As software engineering teams have matured, they’ve developed systems and processes to better manage the inevitable and repeatable change that occurs when deploying new code. Enter the DevOps lifecycle, one of the most effective ways for software development teams to manage schema changes.
The DevOps lifecycle applies a continuous feedback loop to help teams deliver reliable features that align with business objectives, breaking down silos between software engineering teams to speed up application development.
After talking with hundreds of teams over the past few years, I’ve put together a few best practices for embedding change management into data engineering workflows:
- Train team members on the consequences of not managing schema changes properly. Given the intricacies and interdependencies in modern data systems, data engineers often aren’t aware of the consequences a slight change to schema can have on their data pipelines. They can’t predict everything that could potentially go wrong when updating schema (nor should they have to spend tedious hours mapping out upstream and downstream dependencies.) Therefore, it is best to educate your data team on the potential repercussions changes to schema can have on others in the organization. During a recent conversation with a CDO at a leading e-commerce company, he revealed that he requires all new data engineers to complete a change management certification program to ensure that they’re trained on these potential downstream impacts.
- Hold monthly meetings with data teams to review recent schema changes and the impact of these changes not being properly managed. It’s one thing to train your employees on the consequences of poorly managed schema changes, but to really create a culture around proactive communication, you should highlight examples of silent schema changes that led to broken data products downstream. During this meeting, you should correlate poorly managed schema changes to a rise in data incidents happening. Pro-tip: be careful not to point the finger; you can even structure the discussion as a blameless postmortem.
- Establish stakeholders who will sign off on schema changes. I recently spoke with another Head of Data, this time at a 3,000-person FinTech company, who told me that, “If everyone owns data, then no one owns it.” Getting too many stakeholders involved in signing off for schema changes creates friction and ultimately slows down your process to update schemas. Establish a few key stakeholders early on to represent each data team to sign off on all changes.
- Create a communication strategy early on to flag new schema changes. All of your hard work to educate and train your data engineers on managing schema changes goes to waste if you don’t have a strategy to communicate these changes with the broader team. Establish a communication plan early on, share it widely, and ensure it is part of your data engineering team’s workflow. Otherwise, schema change communication will become an afterthought, forcing your team to put on their firefighting hats instead of building pipelines.
What is the structure of your data organization?
Customers have shared with us that the structure of their data team plays a crucial role in how they communicate schema changes. Ultimately, it depends on whether they are spread across multiple departments.
So, how does the structure of your team affect schema communication? Let’s assess the most common team structures: centralized and decentralized.
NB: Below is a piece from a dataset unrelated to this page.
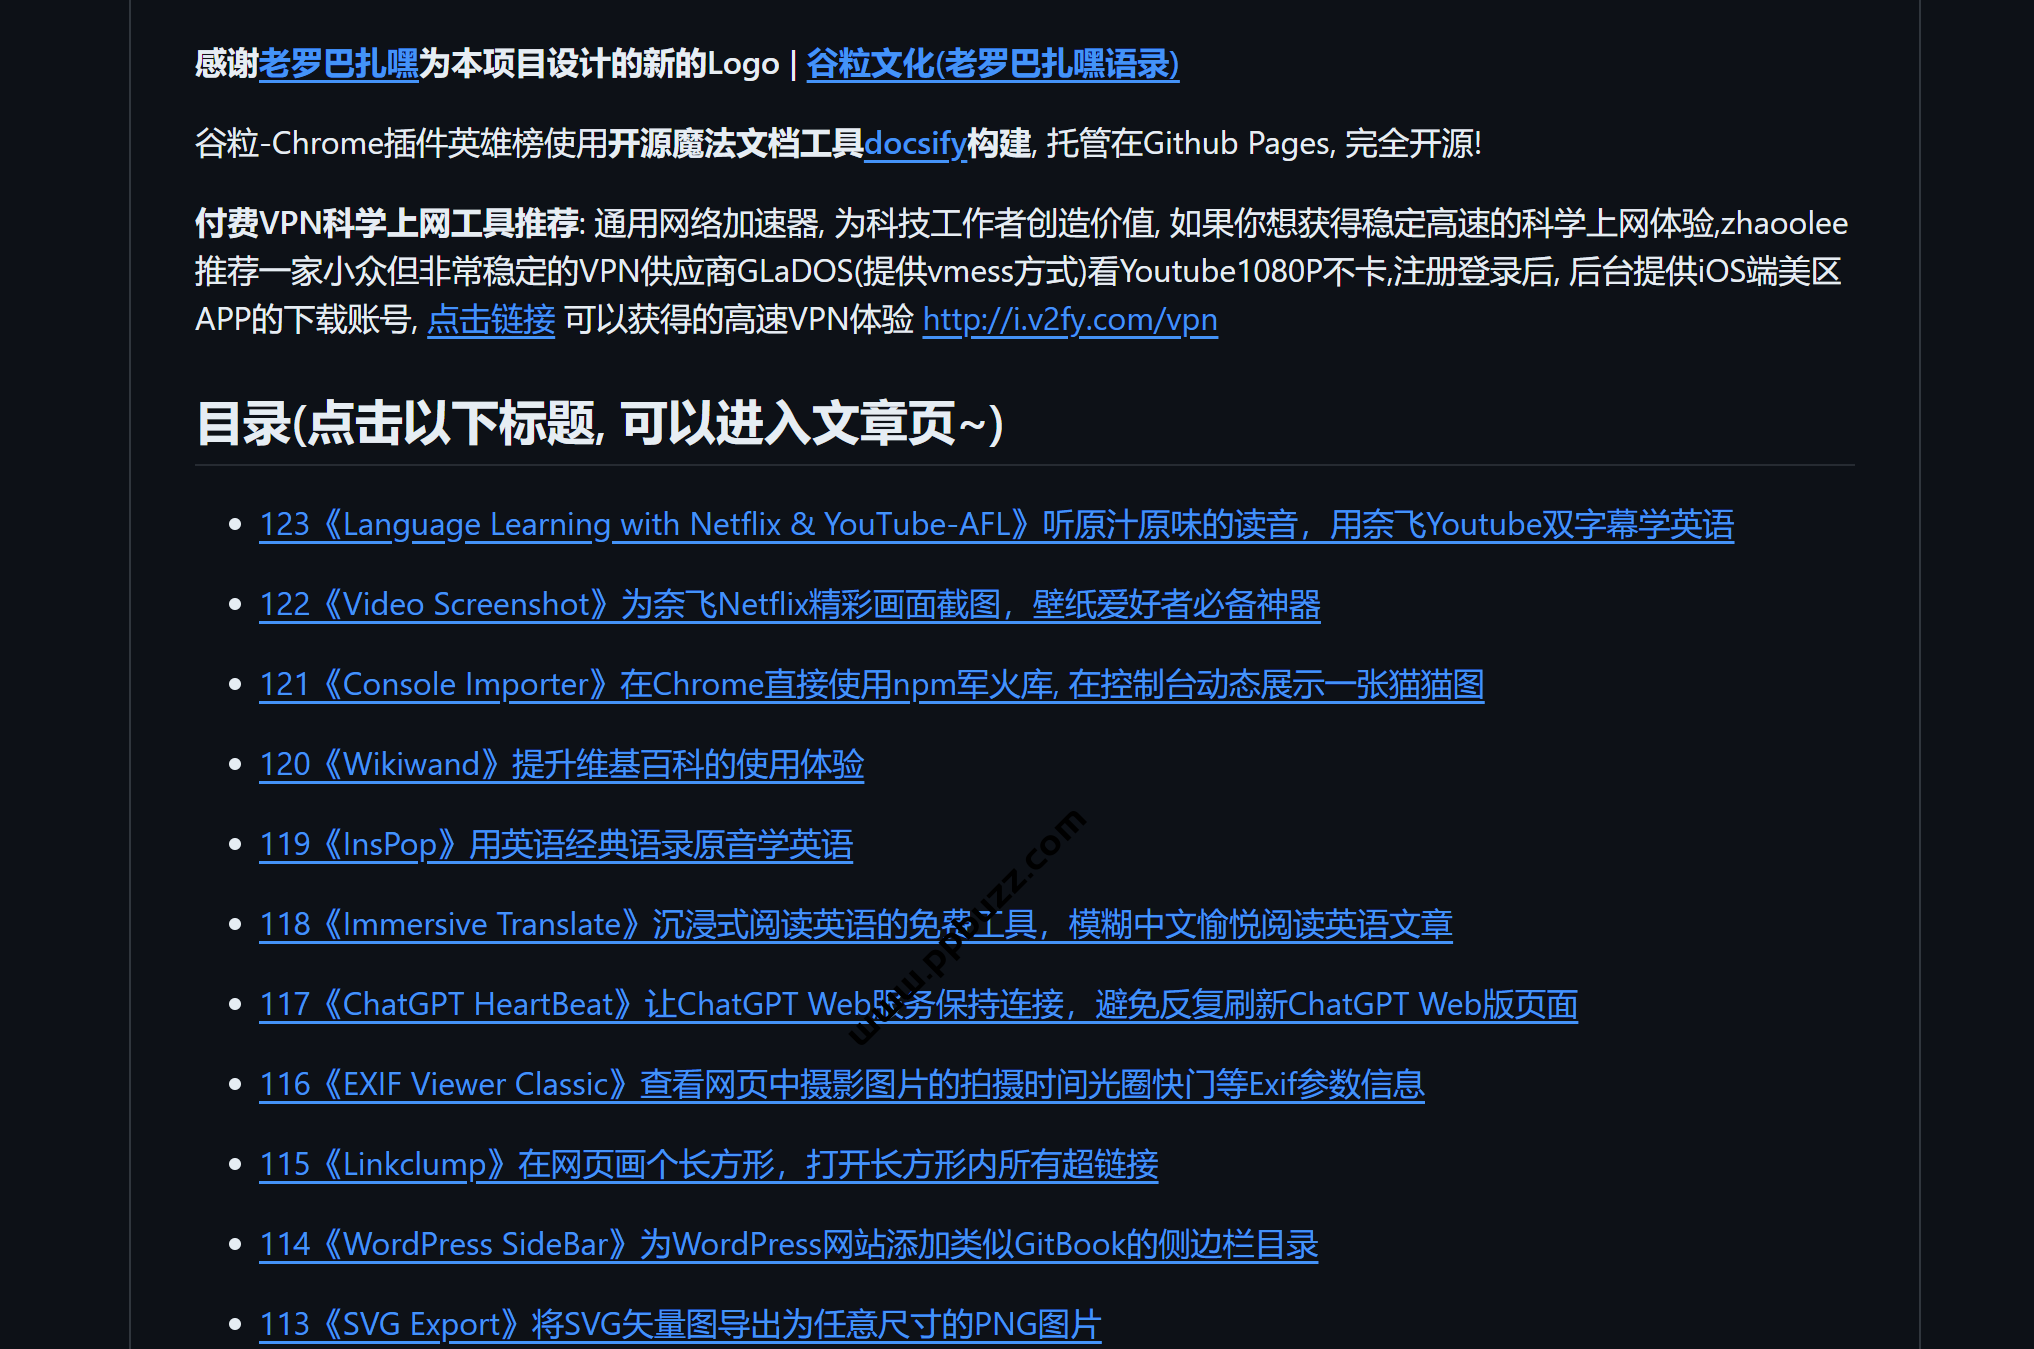 Chrome插件英雄榜, 为优秀的Chrome插件写一本中文说明书

If your data team is centralized
It is likely that engineers can effectively communicate schema changes as other team members have visibility into the projects you are working on at any moment. While this is not always the case for every organization, our customers have found that centralized data teams typically have fewer bottlenecks to manage. For example, one data leader shared that their team was decentralized at a previous company, which led to schema changes requiring over 50 people to approve. Schema changes that should have occurred in a few hours took up to two weeks to happen. Talk about a waste of time…
If your data team is decentralized (or your team is moving in that direction)
Decentralized teams are at greater risk of unexpected schema changes occurring without the proper structure in place for team members, as you are not always aware of how other teams are using data sets that you are responsible for.
Therefore, it is best to communicate schema changes as they happen instead of weekly or bi-weekly to minimize risk. In addition, when sharing schema modifications, you should share with the team what is changing and why you are updating, adding, or even deleting schema.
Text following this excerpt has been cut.